Crispy Pea and Mint Risotto Balls Recipe
Recipe created by Donna Hay
Oprah.com |
January 19, 2011
Servings: Makes 180 Balls
Ingredients
- 5 cups chicken stock
- 4 Tbsp. butter
- 1 brown onion , finely chopped
- 2 cups Arborio rice
- 1/2 cup dry white wine
- 1 cup grated Mozzarella
- 1 cup finely grated Parmesan
- Sea salt and cracked black pepper (to taste)

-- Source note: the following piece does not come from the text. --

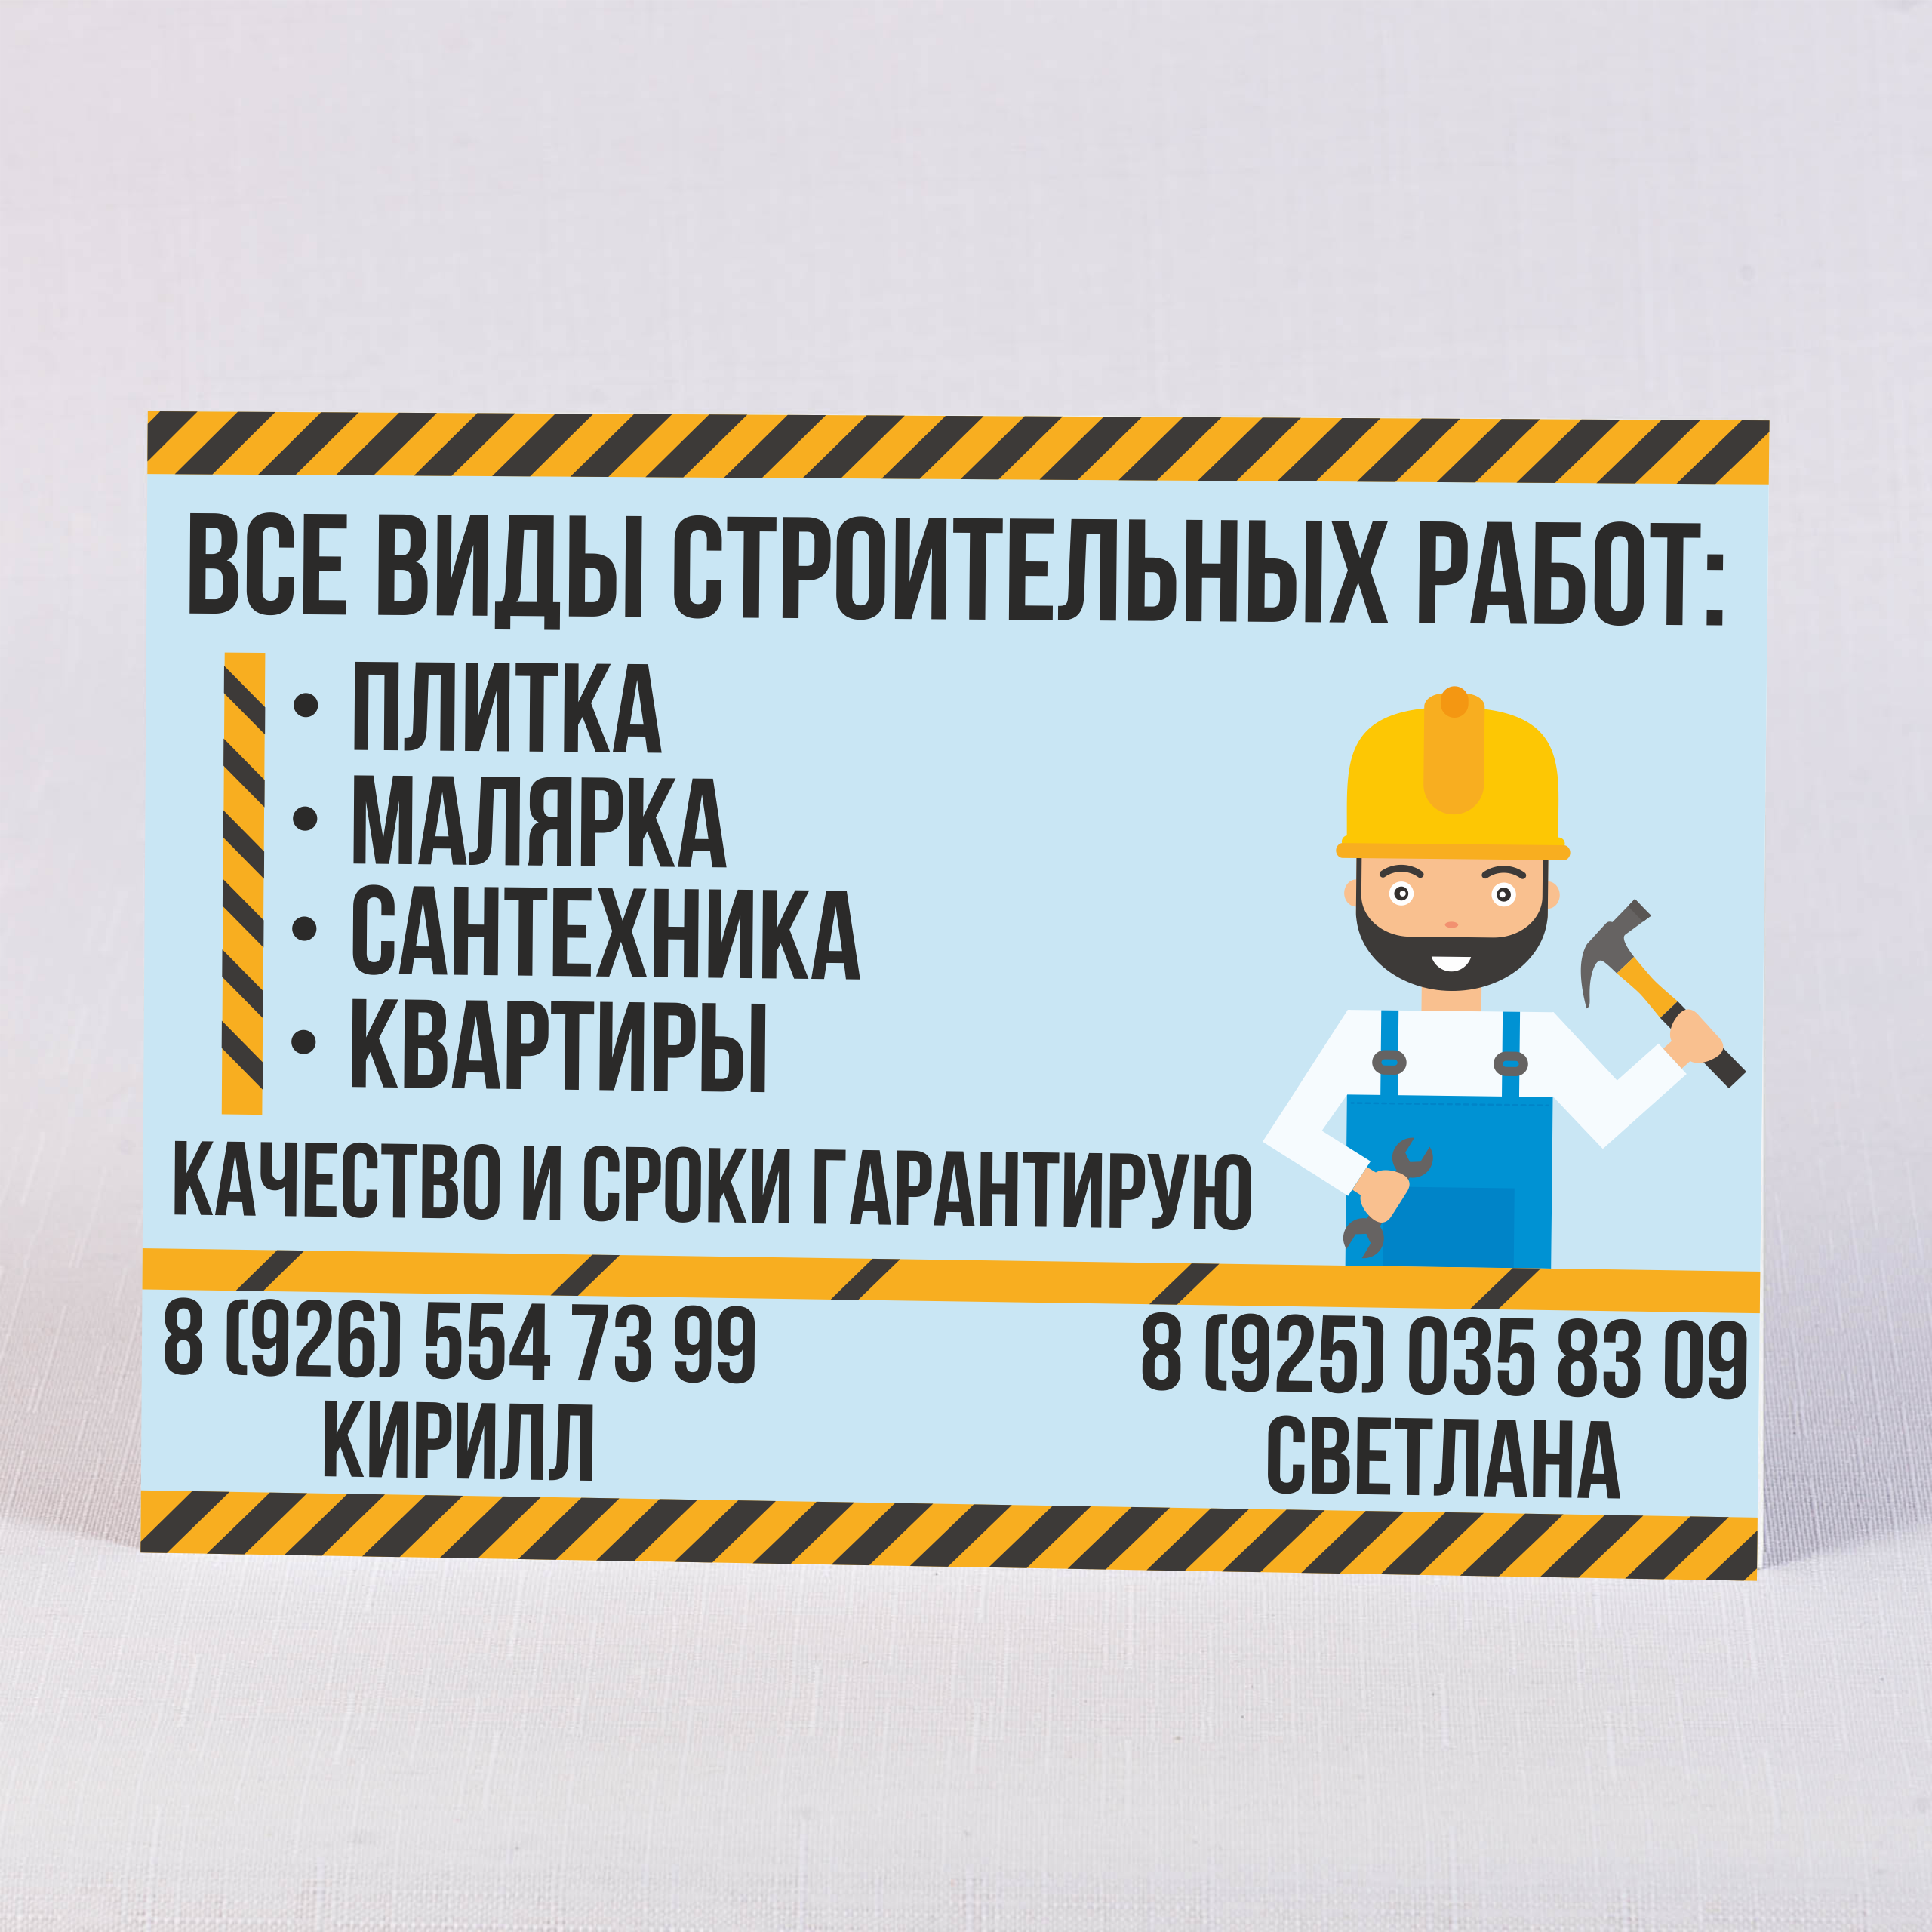 http://images.vfl.ru/ii/1517682582/f7813e2c/20434196.png

- 1 1/2 cups peas , blanched and lightly crushed
- 1 cup mint leaves , chopped
- 1/3 cup lemon juice
- 1/3 cup finely grated lemon rind
- 4 cups fresh breadcrumbs
- 6 eggs , lightly beaten
- Plain (all-purpose) flour , for dusting
- Vegetable oil , for frying
Directions
Place the stock in a saucepan over medium heat and bring to a simmer. Heat the butter in a large saucepan over medium heat. Add the onion and cook, about 5 minutes or until softened. Add the rice and wine and cook, stirring for 1 to 2 minutes or until the wine is absorbed. Gradually add the hot stock 1 cup at a time, stirring continuously for 25 to 30 minutes or until the stock is absorbed and the rice is tender. Spread onto a tray and allow to cool slightly. Add the mozzarella, Parmesan, salt and pepper, peas, mint, lemon juice and lemon rind and mix to combine. Roll 1 teaspoon of risotto mixture into balls. Dip the risotto balls into the flour, egg and then into the breadcrumbs; toss until well coated. Repeat the process to double-coat. Heat the oil in a large deep saucepan over high heat until hot (350° or so). Deep-fry risotto balls in batches until crisp and golden. Drain on absorbent paper.